→ **SOURCE MATERIAL**:

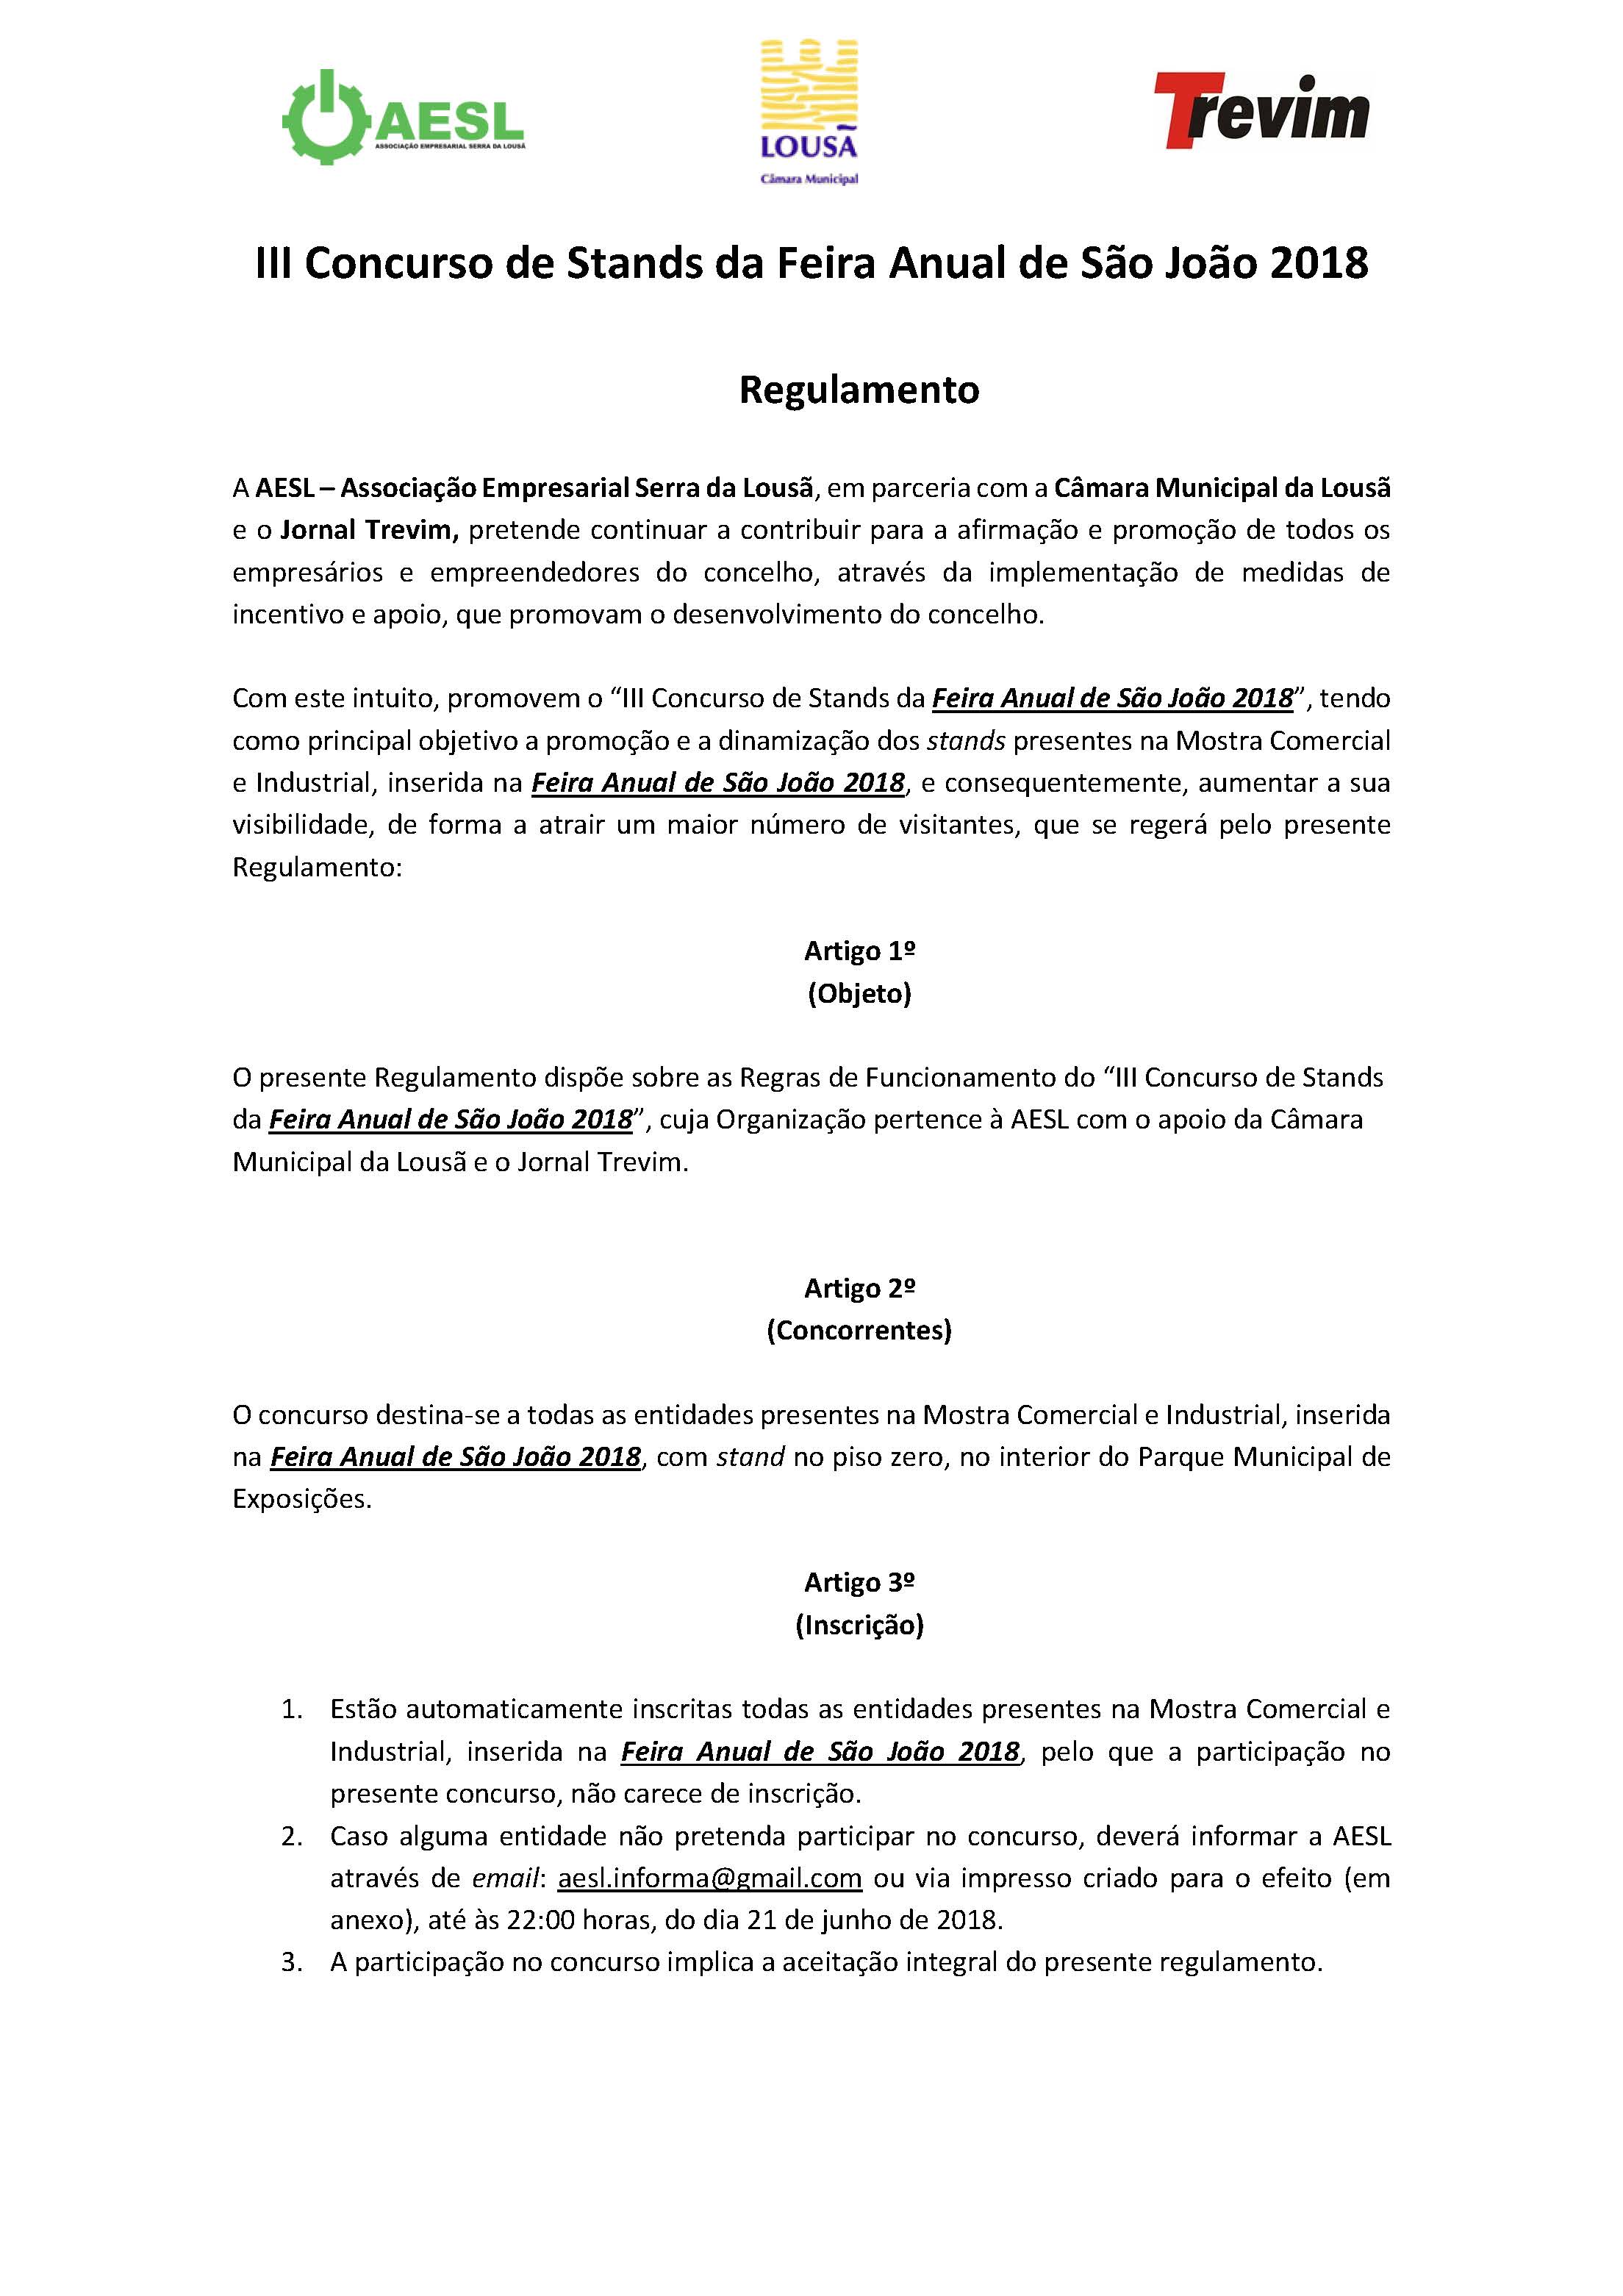 Regulamento - III Concurso de Stands da Feira Anual de São João 2018_Página_1
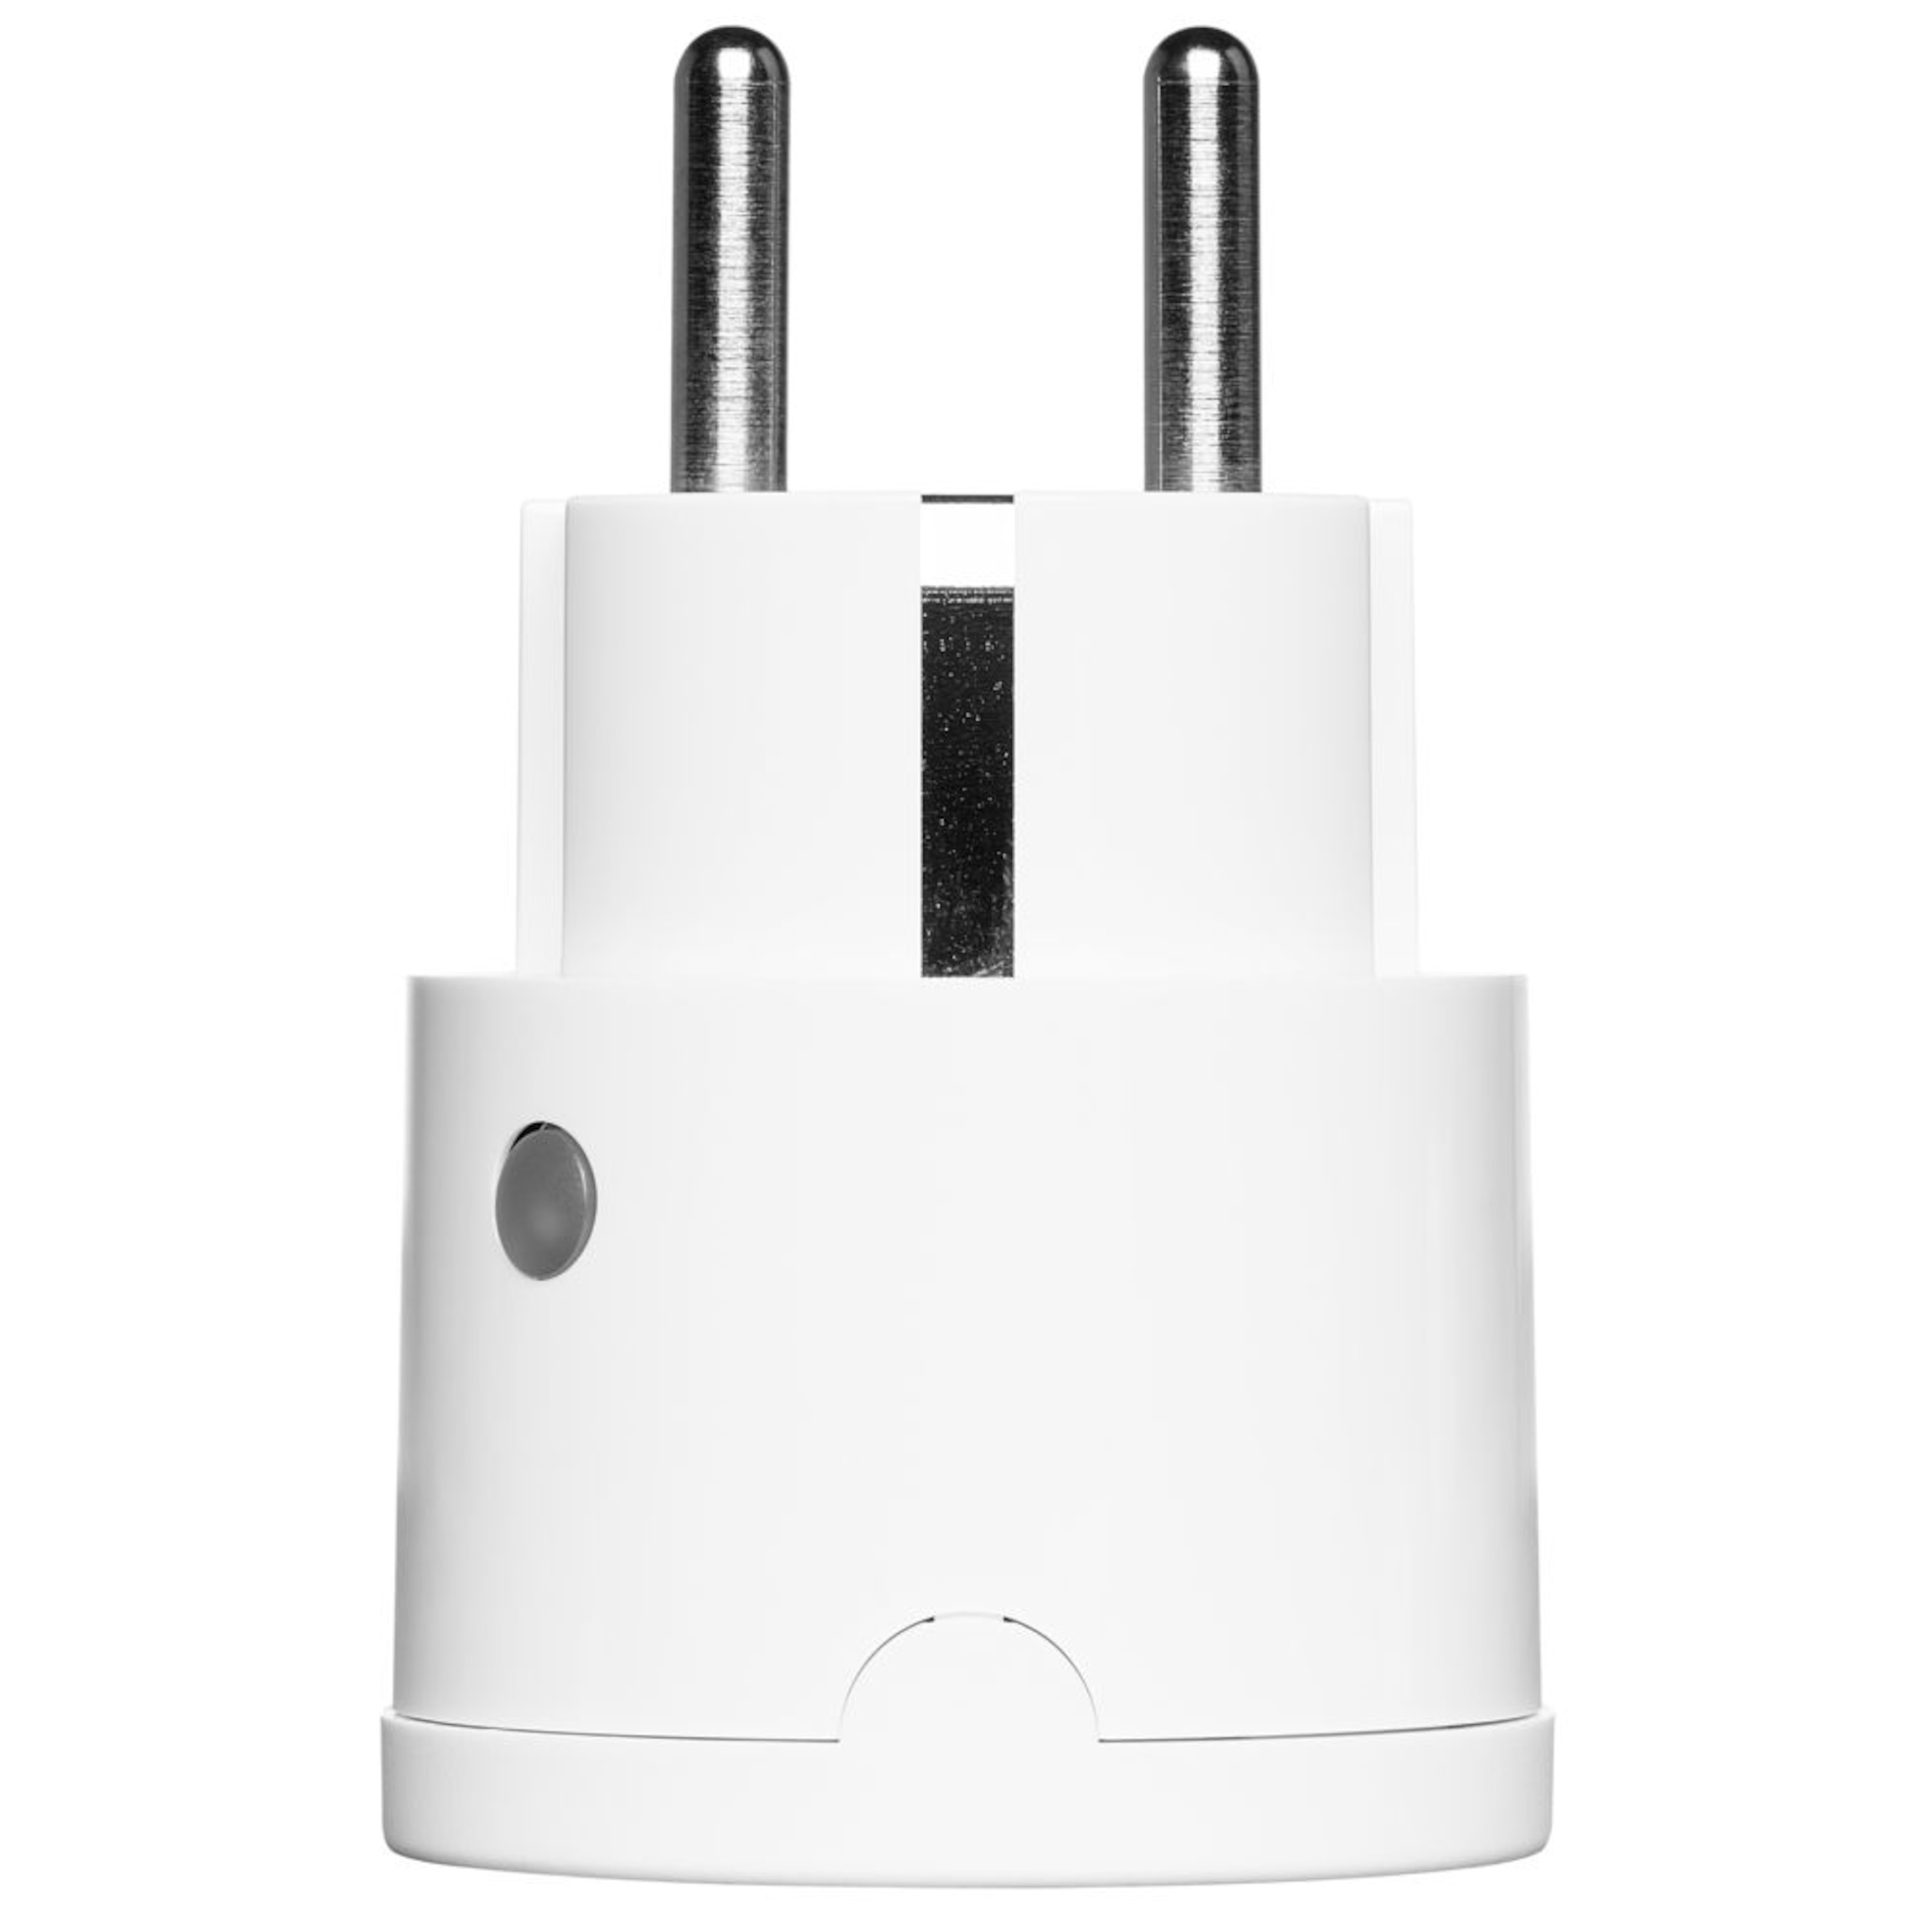 MEDION® Smart Home Zwischenstecker P85702, schaltet elektrische Geräte, misst Stromverbrauch, Zeitschaltung oder manuelle Schaltung, innogy SmartHome kompatibel
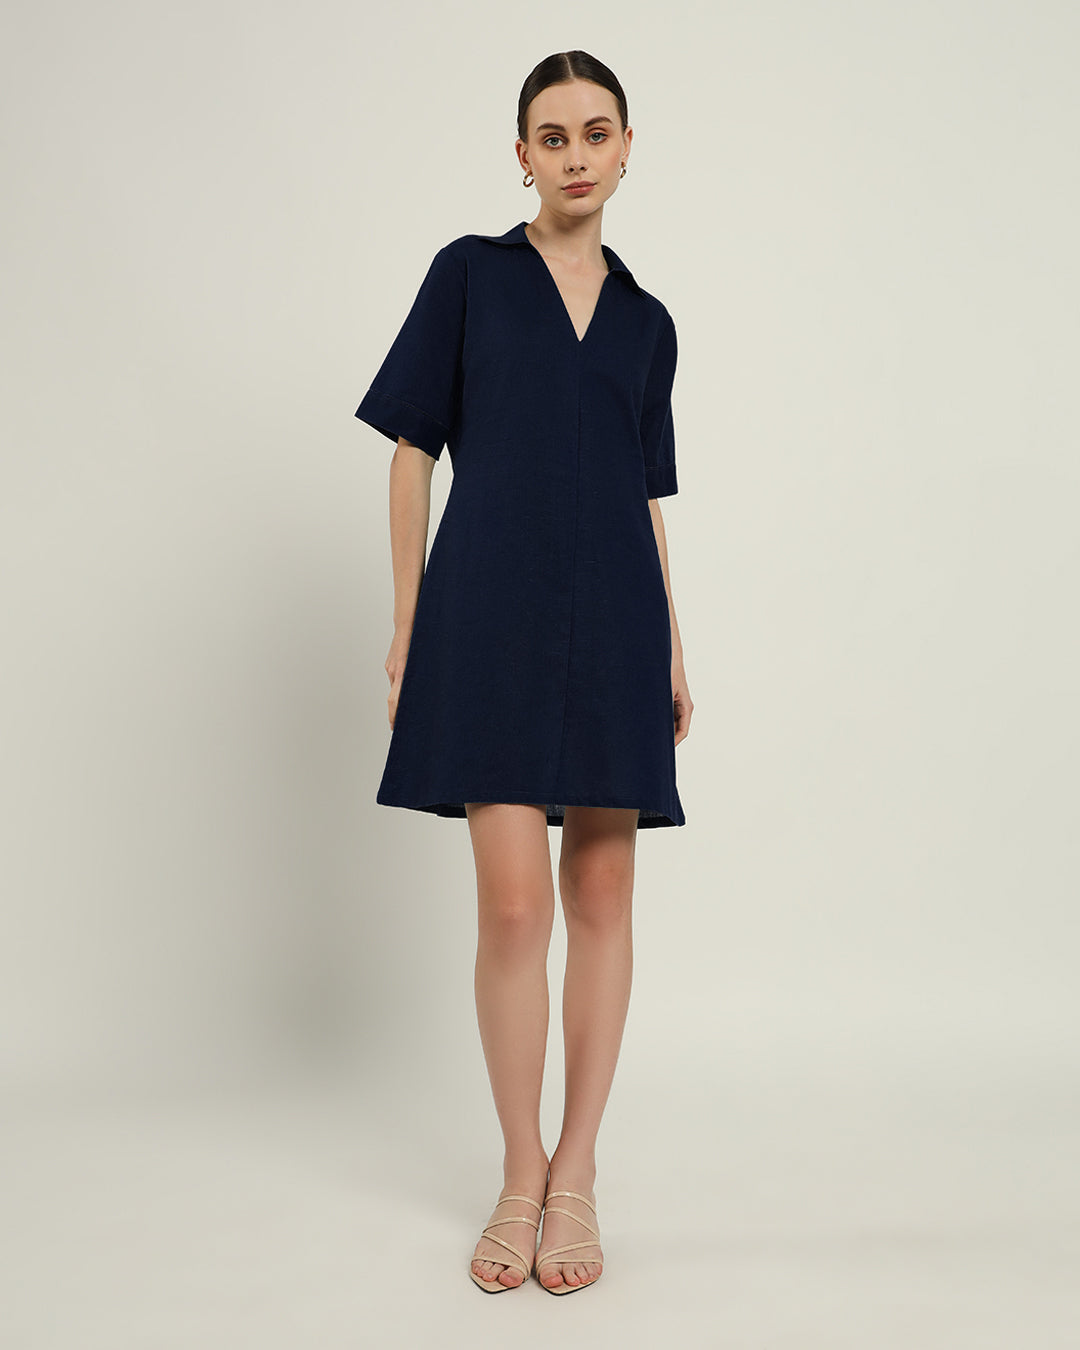 The Ermont Daisy Midnight Blue Linen Dress

→ **TASK DETAILS**: Write out the data in full and exactly as given, though without the images.

→ **RESULT FOR THIS EXERCISE**:
 Regulamento - III Concurso de Stands da Feira Anual de São João 2018_Página_1
 MEDION® Smart Home Zwischenstecker P85702, schaltet elektrische Geräte, misst Stromverbrauch, Zeitschaltung oder manuelle Schaltung, innogy SmartHome kompatibel
 The Ermont Daisy Midnight Blue Linen Dress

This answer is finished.